Personal information
- Born: March 31, 1968 (age 58) Virginia Beach, Virginia, U.S.
- Listed height: 6 ft 9 in (2.06 m)
- Listed weight: 247 lb (112 kg)

Career information
- High school: Kempsville (Virginia Beach, Virginia)
- College: North Carolina (1986–1989)
- NBA draft: 1989: 1st round, 5th overall pick
- Drafted by: Charlotte Hornets
- Playing career: 1989–2003
- Position: Power forward / center
- Number: 34, 7, 11, 31
- Coaching career: 2011–2022

Career history

Playing
- 1989–1992: Charlotte Hornets
- 1992–1996: San Antonio Spurs
- 1996: New York Knicks
- 1996–1997: Paris Basket Racing
- 1997–1999: Charlotte Hornets
- 1999: Los Angeles Lakers
- 1999–2000: Milwaukee Bucks
- 2000–2001: Cleveland Cavaliers
- 2001–2002: Strasbourg
- 2002–2003: Baloncesto León

Coaching
- 2011–2013: Patrick Henry CC (assistant)
- 2018–2022: Monmouth (assistant)

Career highlights
- French League champion (1997); NBA All-Rookie Second Team (1990); Consensus first-team All-American (1988); Third-team All-American – NABC (1989); First-team All-ACC (1988); Second-team All-ACC (1987); ACC Rookie of the Year (1987); ACC tournament MVP (1989); No. 34 honored by North Carolina Tar Heels; National high school player of the year^{[which?]} (1986); 2× First-team Parade All-American (1985, 1986); McDonald's All-American Game MVP (1986); Virginia Mr.

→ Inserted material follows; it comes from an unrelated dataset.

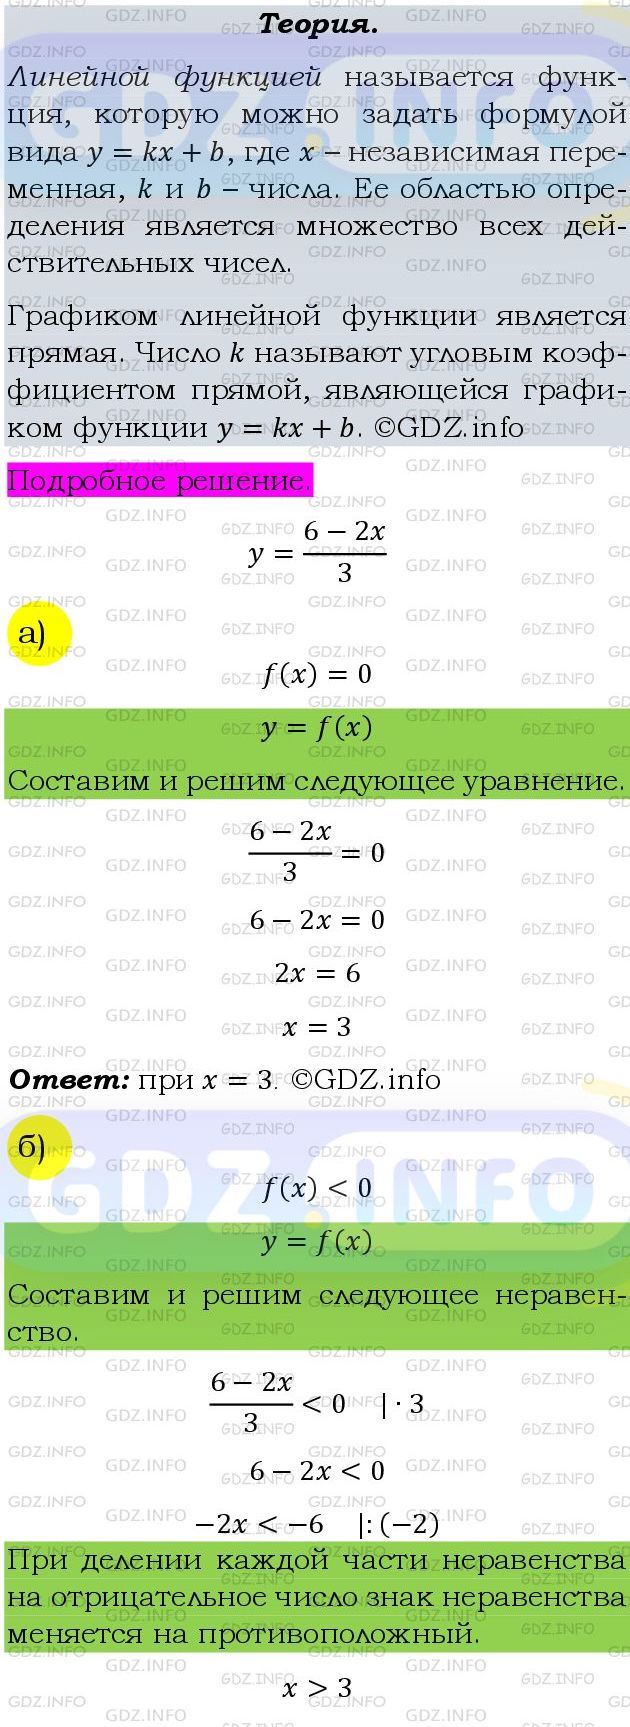 Фото подробного решения: Номер задания №820 из ГДЗ по Алгебре 9 класс: Макарычев Ю.Н.

Basketball (1986);

Career NBA statistics
- Points: 5,680 (8.5 ppg)
- Rebounds: 3,381 (5.0 rpg)
- Assists: 639 (1.5 apg)
- Stats at NBA.com
- Stats at Basketball Reference

= J. R. Reid =

American basketball player (born 1968)

Herman "J. R." Reid Jr. (born March 31, 1968) is an American former professional basketball player. He played in the National Basketball Association (NBA) for the Charlotte Hornets, San Antonio Spurs, New York Knicks, Los Angeles Lakers, Milwaukee Bucks and Cleveland Cavaliers. Reid played college basketball for the North Carolina Tar Heels and was a consensus first-team All-American as a sophomore in 1988. He won a bronze medal as a member of the United States national team at the 1988 Summer Olympics.

==Early life==
Reid was born and raised in Virginia Beach, Virginia, and was the son of Herman Reid Sr., who played football in the 1960s with the Baltimore Colts. Reid played football himself in his early years as a defensive player and his gridiron skills even caught the attention of the Virginia Tech Hokies, but he decided to stick with playing basketball. Reid starred at Kempsville High School in Virginia Beach, being named the 1986 Gatorade and USA Today Player of the Year. He certified his reputation by being named most valuable player (MVP) of both the 1986 McDonald's Game and the Capital Classic.

==College career==
Reid played college basketball for the North Carolina Tar Heels from 1986 to 1989. He was named ACC Rookie of the Year in 1987 as he averaged 14.7 points and 7 rebounds per game. During his freshman year at UNC, he was featured on the March 2, 1987 cover of Sports Illustrated magazine. During his sophomore season, he was named a consensus first-team All-American when he averaged 18 points and 8.9 rebounds per game.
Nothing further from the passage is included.